No extremo oposto a toda a efervescência, por um lado, literária e, por outro, nacionalista do renascimento das micronações, principalmente, na segunda metade do século XIX, tem-se paralelamente na literatura em língua castelhana (na literatura espanhola) o eco do desastre político da Espanha do século XIX. Surge a “generación

del 98” e, curiosamente – ou até mesmo paradoxalmente ao contexto renascentista –,

autores de nações periféricas como Miguel de Unamuno (basco) ou Valle-Inclán (galego), por exemplo, buscam suas raízes na Espanha tradicional, naquela em que Castela representava a essência nacional.
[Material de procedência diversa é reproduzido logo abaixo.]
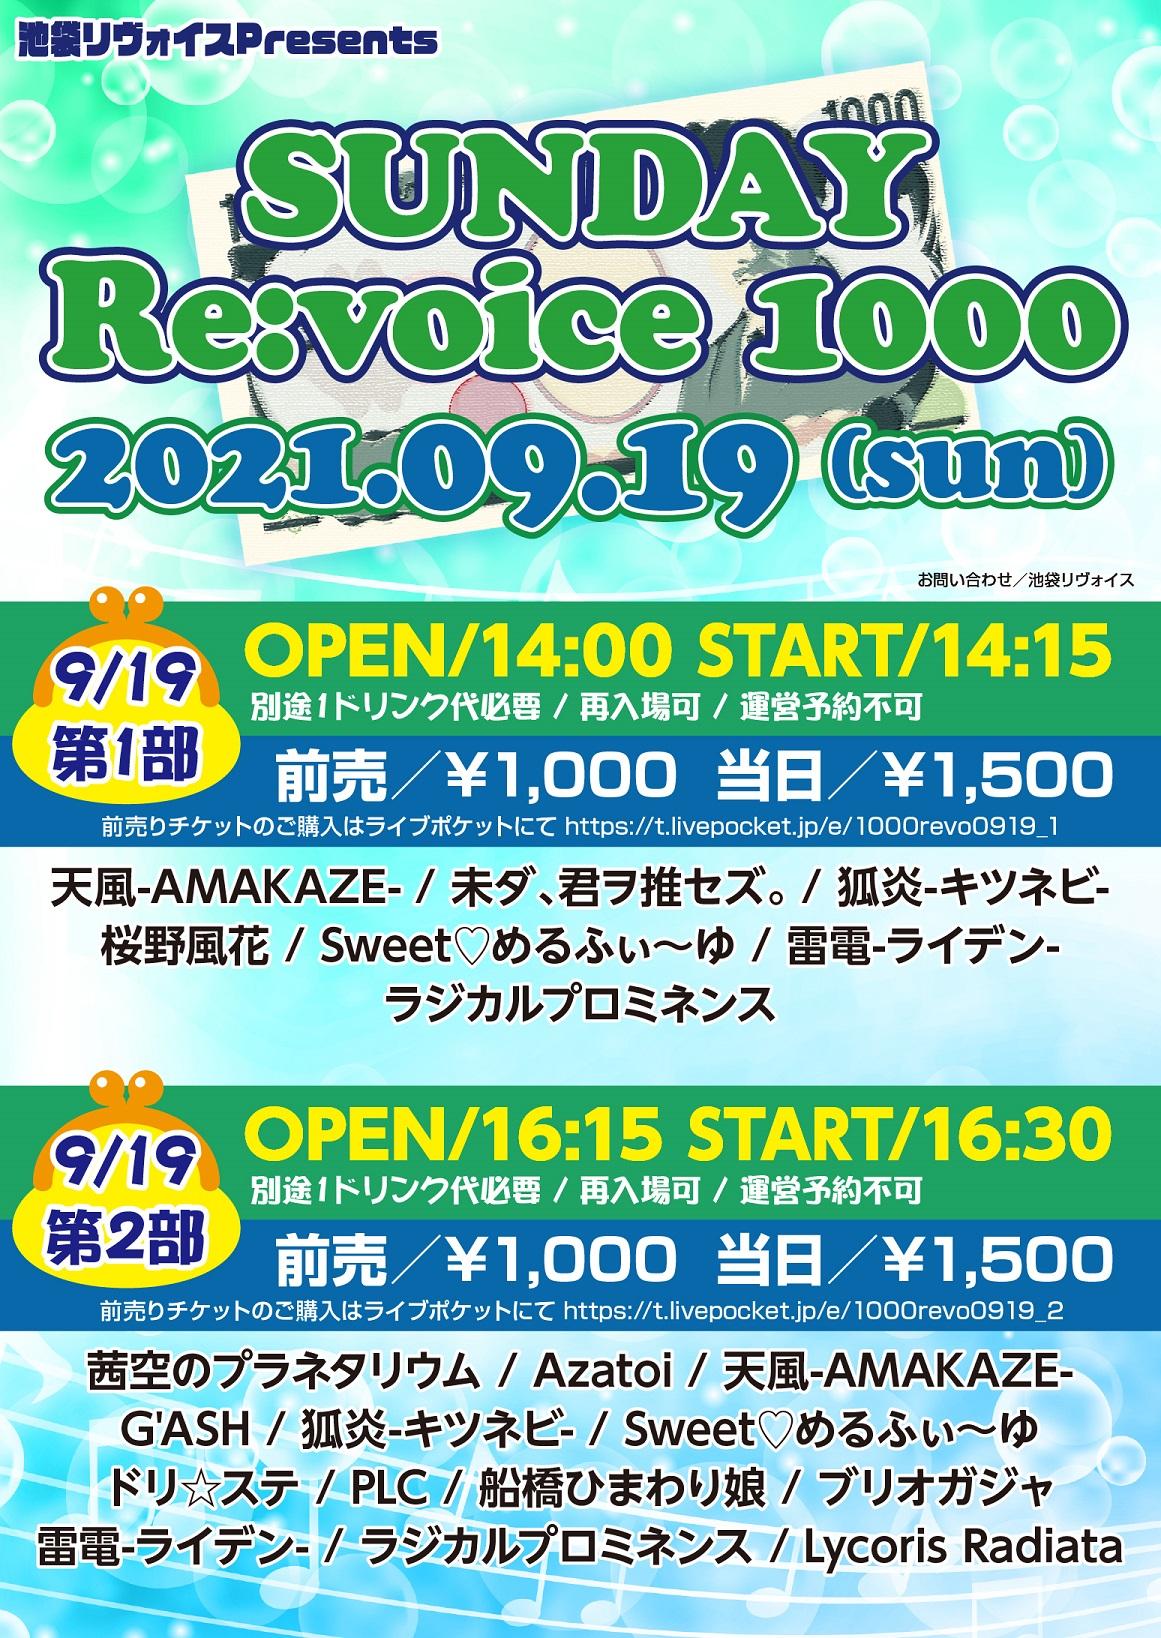 【第二部】SUNDAY Re:voice 1000

Como vemos, a diversidade da Espanha como Estado “plurinacional” se mantém nas histórias dos renascimentos das literaturas periféricas do século XIX – e na história da literatura espanhola –, cada qual com suas minudências. Entre as especificidades das renascenças dessas nações, um caso único de uma figura artística especial e de uma obra literária de valor reconhecido, tanto na história literária galega como na castelhana, interessou-nos de imediato e levou-nos a elaboração dessa dissertação: a vida e a obra de Rosalía de Castro. Por isso, o próximo capítulo é totalmente dedicado a ela, a sua trajetória biográfica e literária que fez com que Rosalía seja reconhecida como ícone dos renascimentos e da luta pela valorização da nação através da língua e da literatura próprias.